Items from a dataset
- - - - - - -

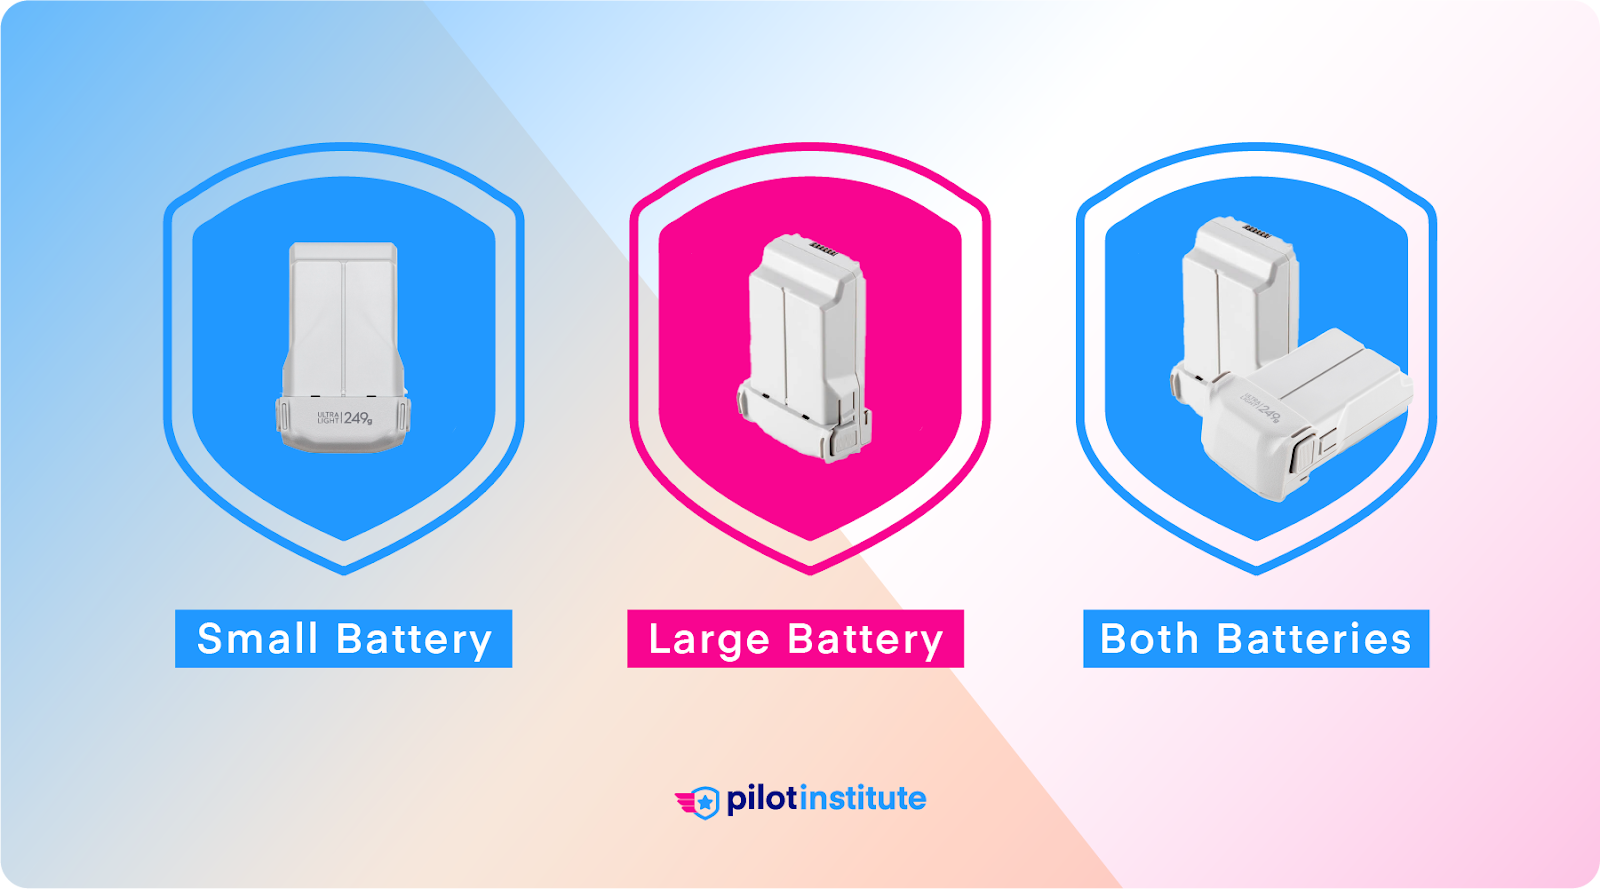 Small battery, large battery, and both batteries scenarios.
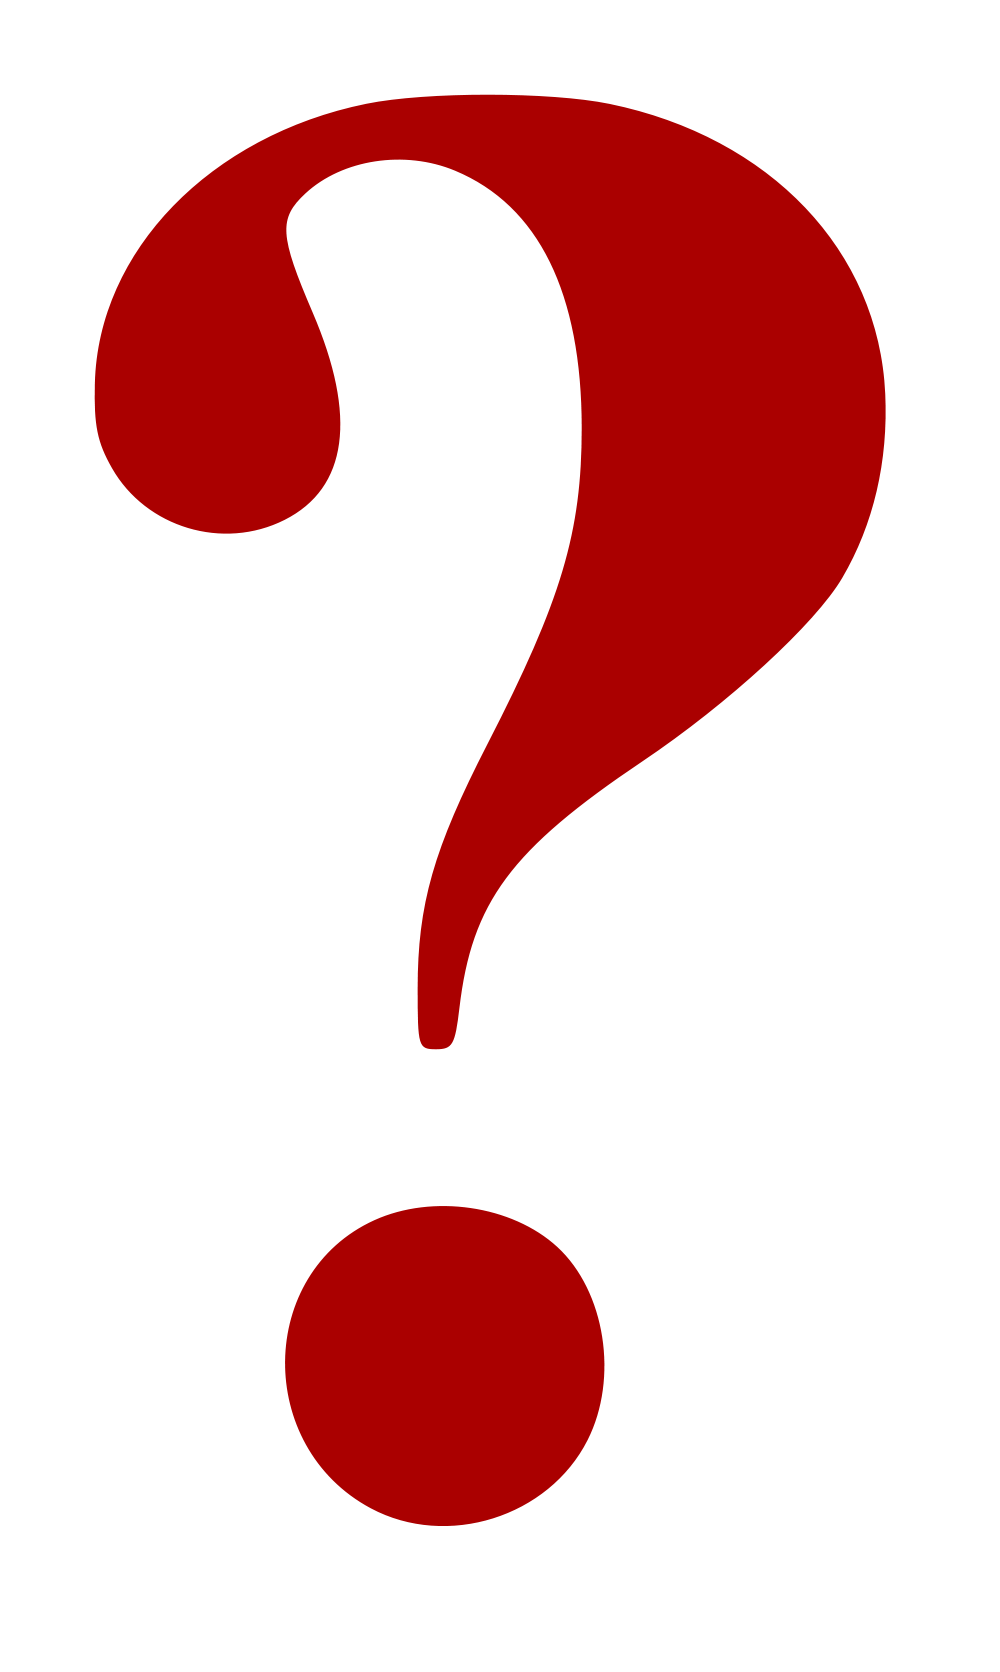 Free Question Mark, Download Free Clip Art, Free Clip Art on
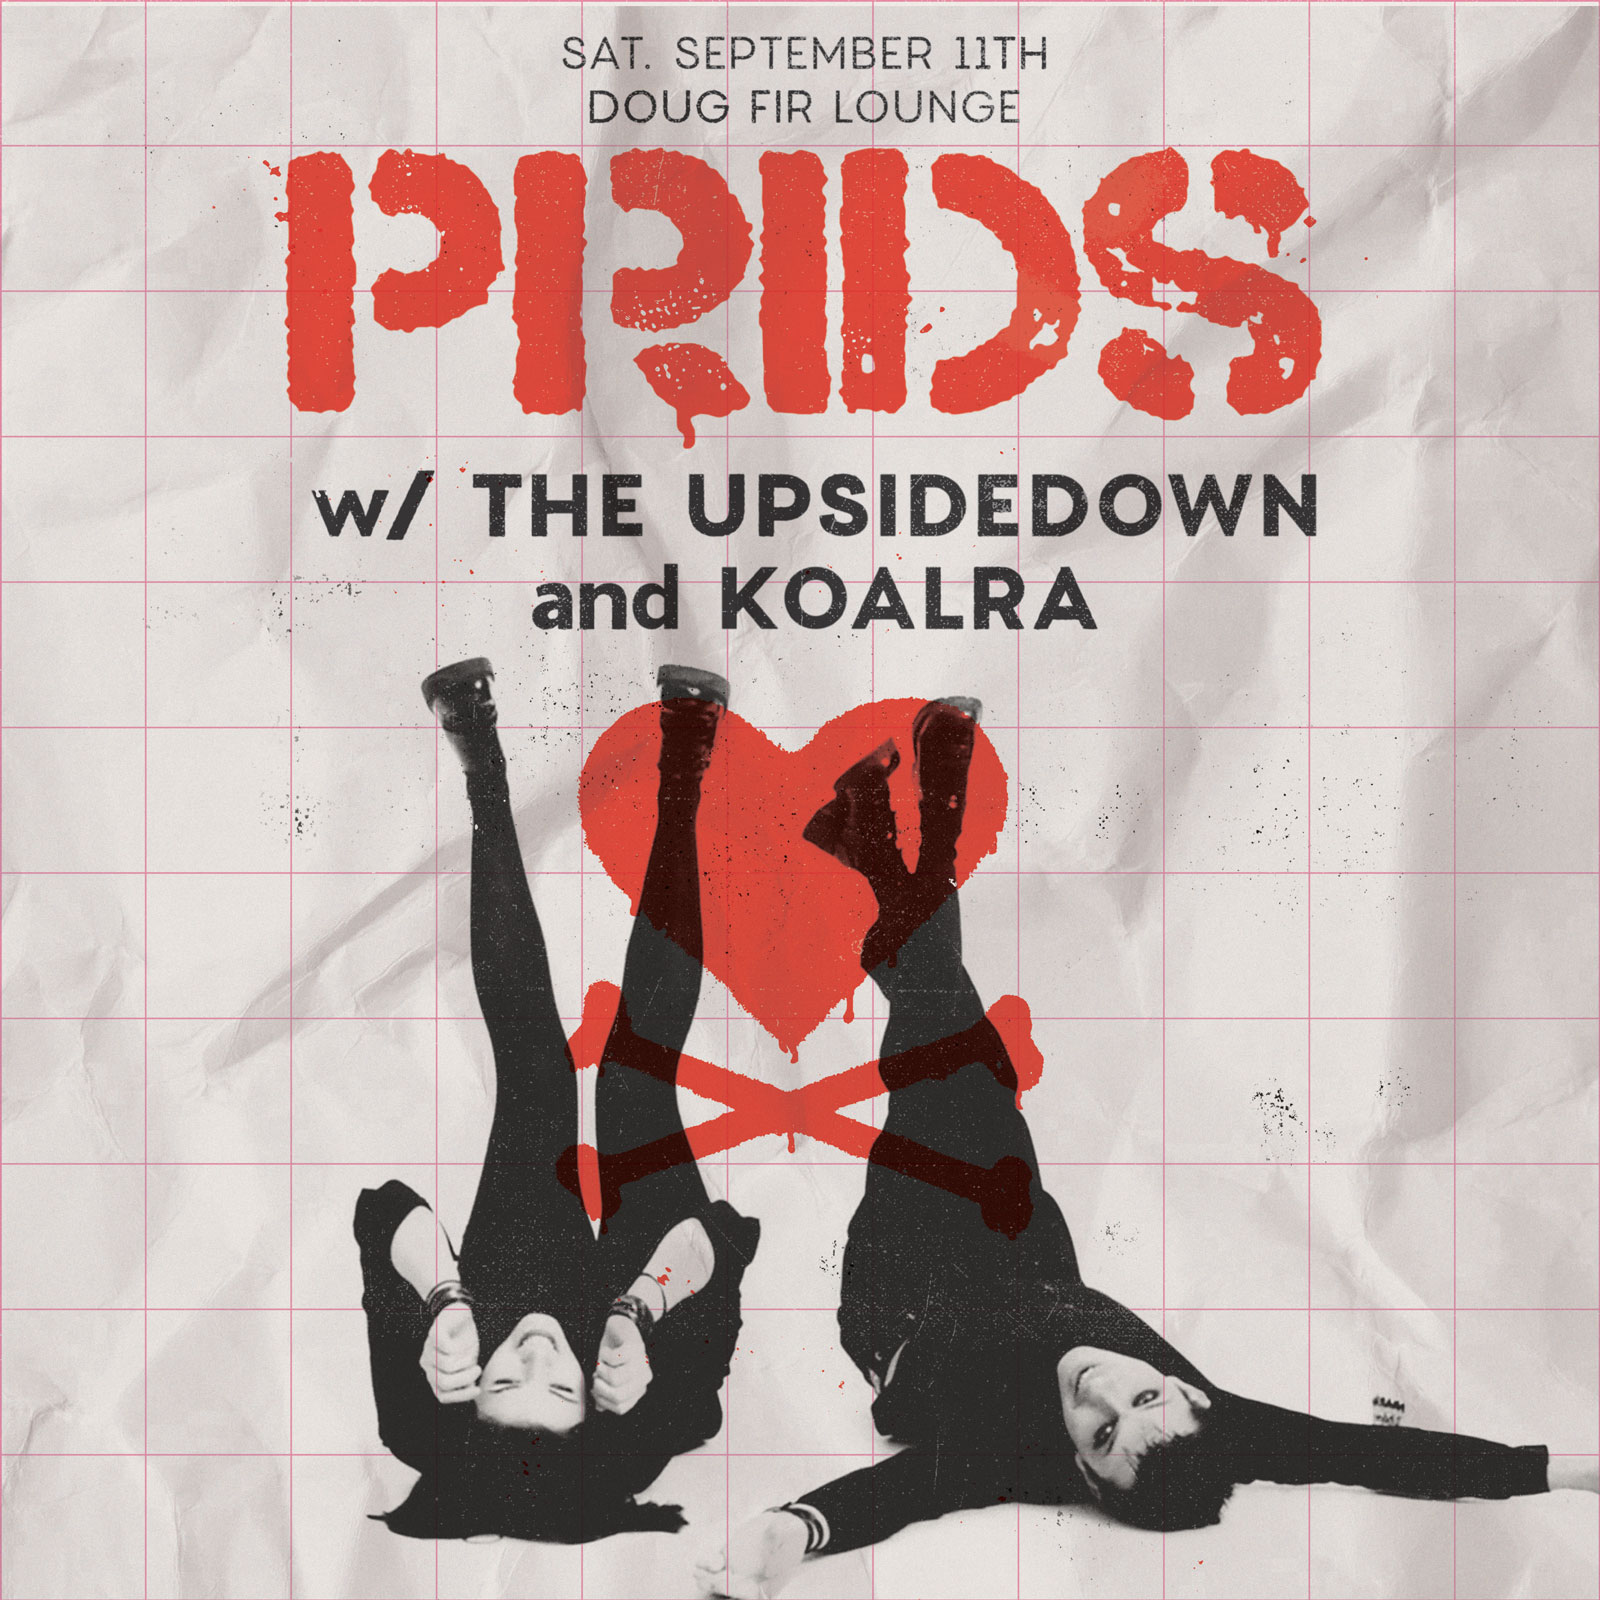 Preview: The Prids @ Doug Fir Lounge, September 11th
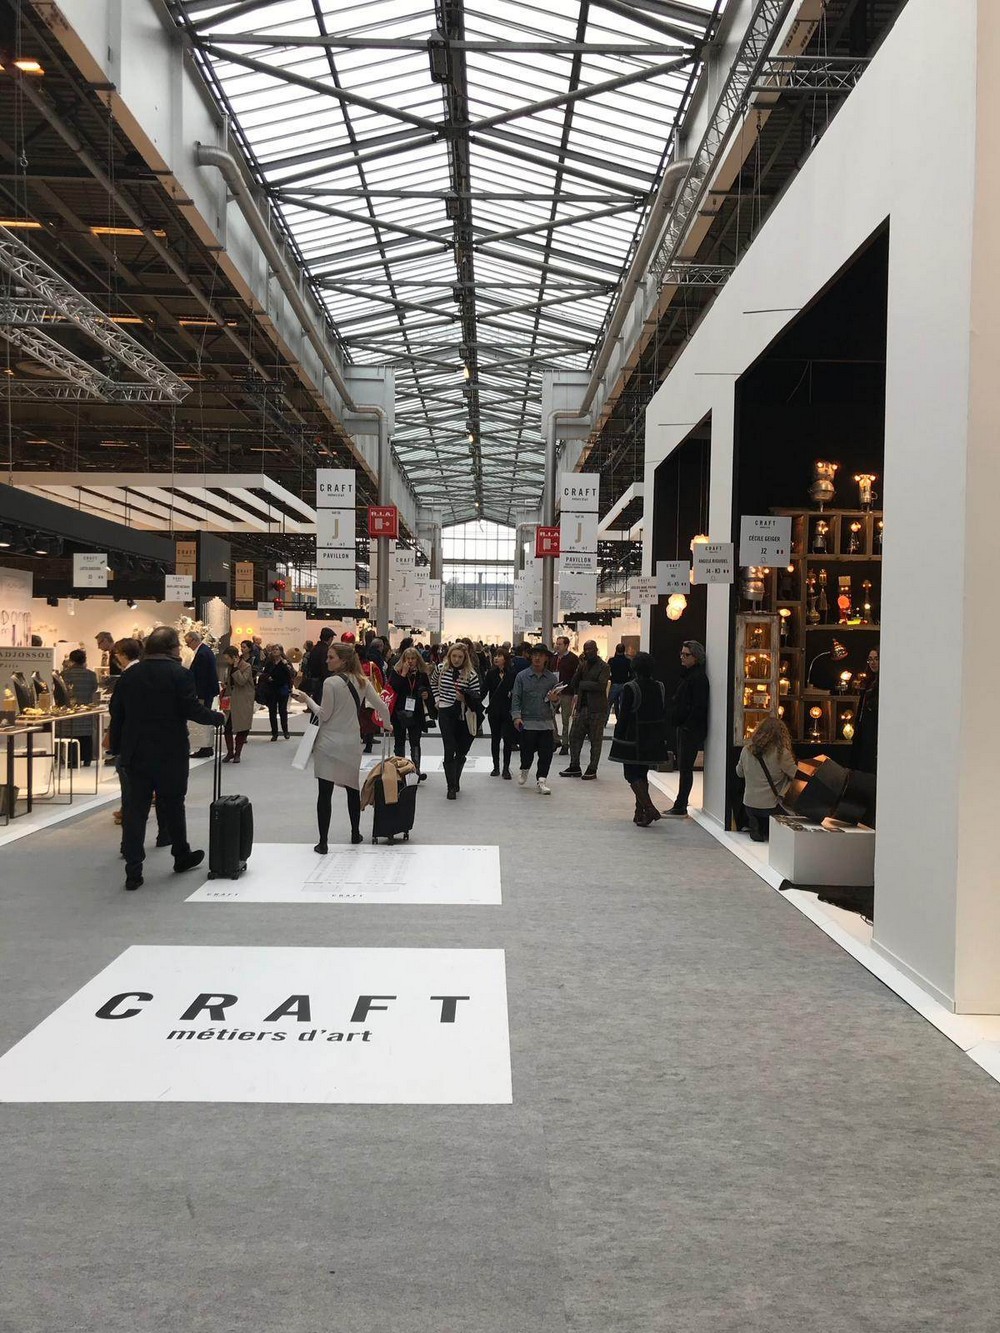 Maison et Objet 2020 - 3 Reasons Why You Should Go To The Event!
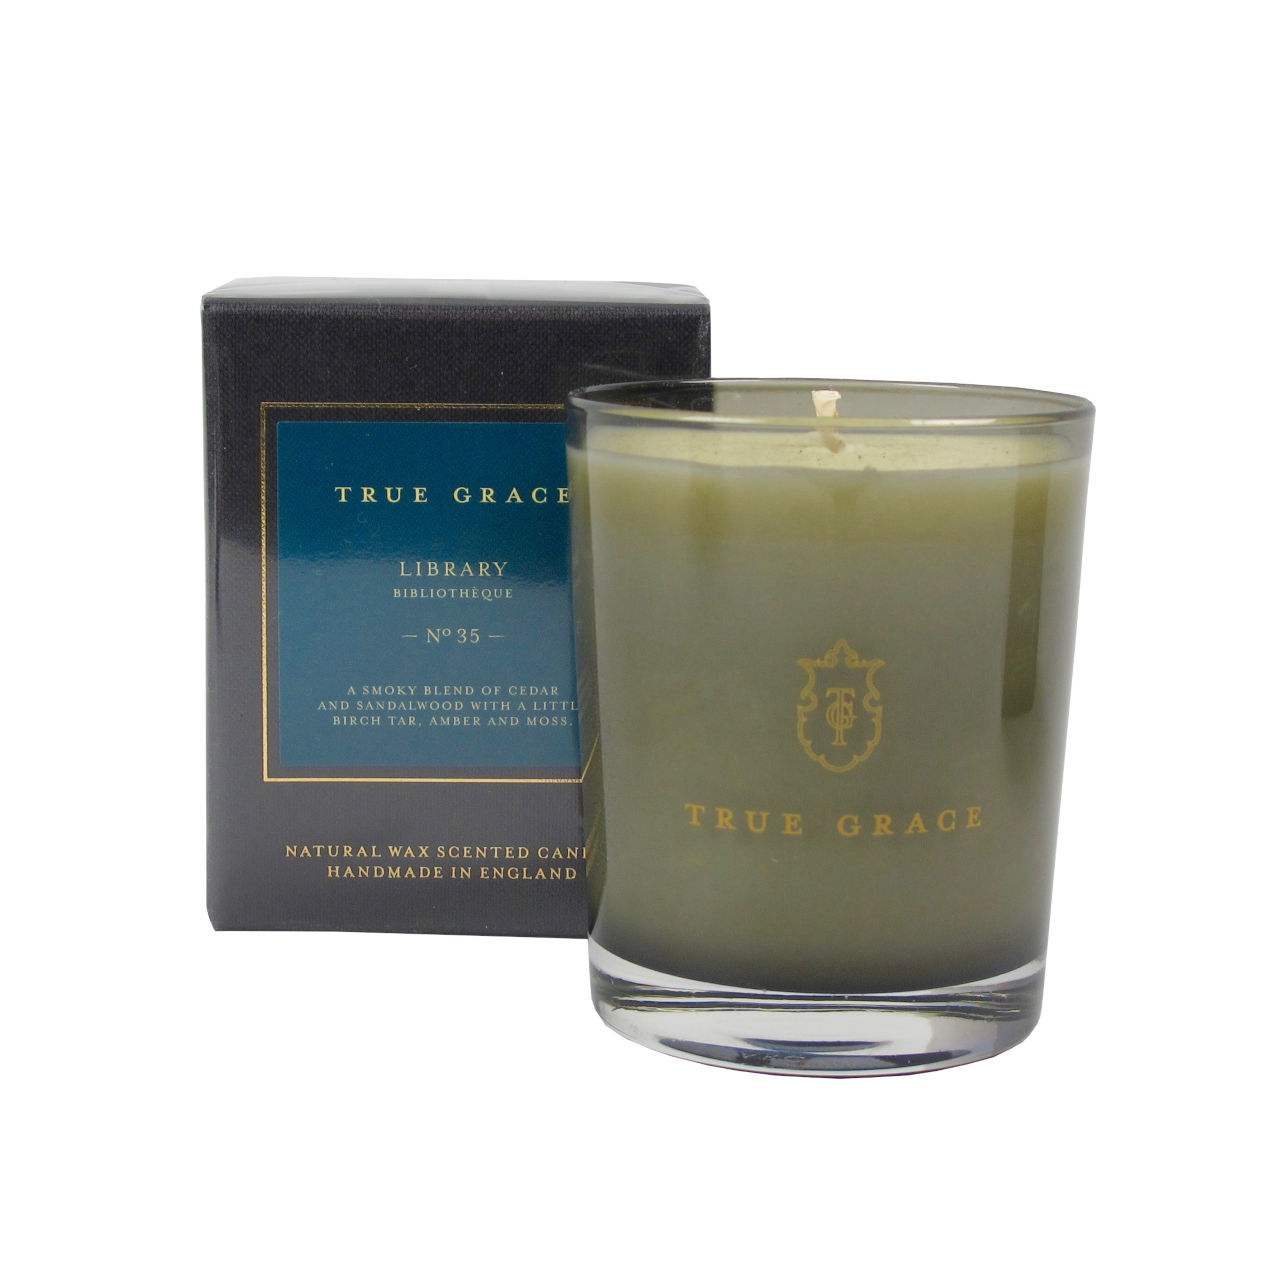 True Grace Scented Candle by True Grace - Library

- - - - - - -

- _Exercise_: Above are the entries; write them out again exactly, omitting the pictures.

- _Response to the task_:
 Small battery, large battery, and both batteries scenarios.
 Free Question Mark, Download Free Clip Art, Free Clip Art on
 Preview: The Prids @ Doug Fir Lounge, September 11th
 Maison et Objet 2020 - 3 Reasons Why You Should Go To The Event!
 True Grace Scented Candle by True Grace - Library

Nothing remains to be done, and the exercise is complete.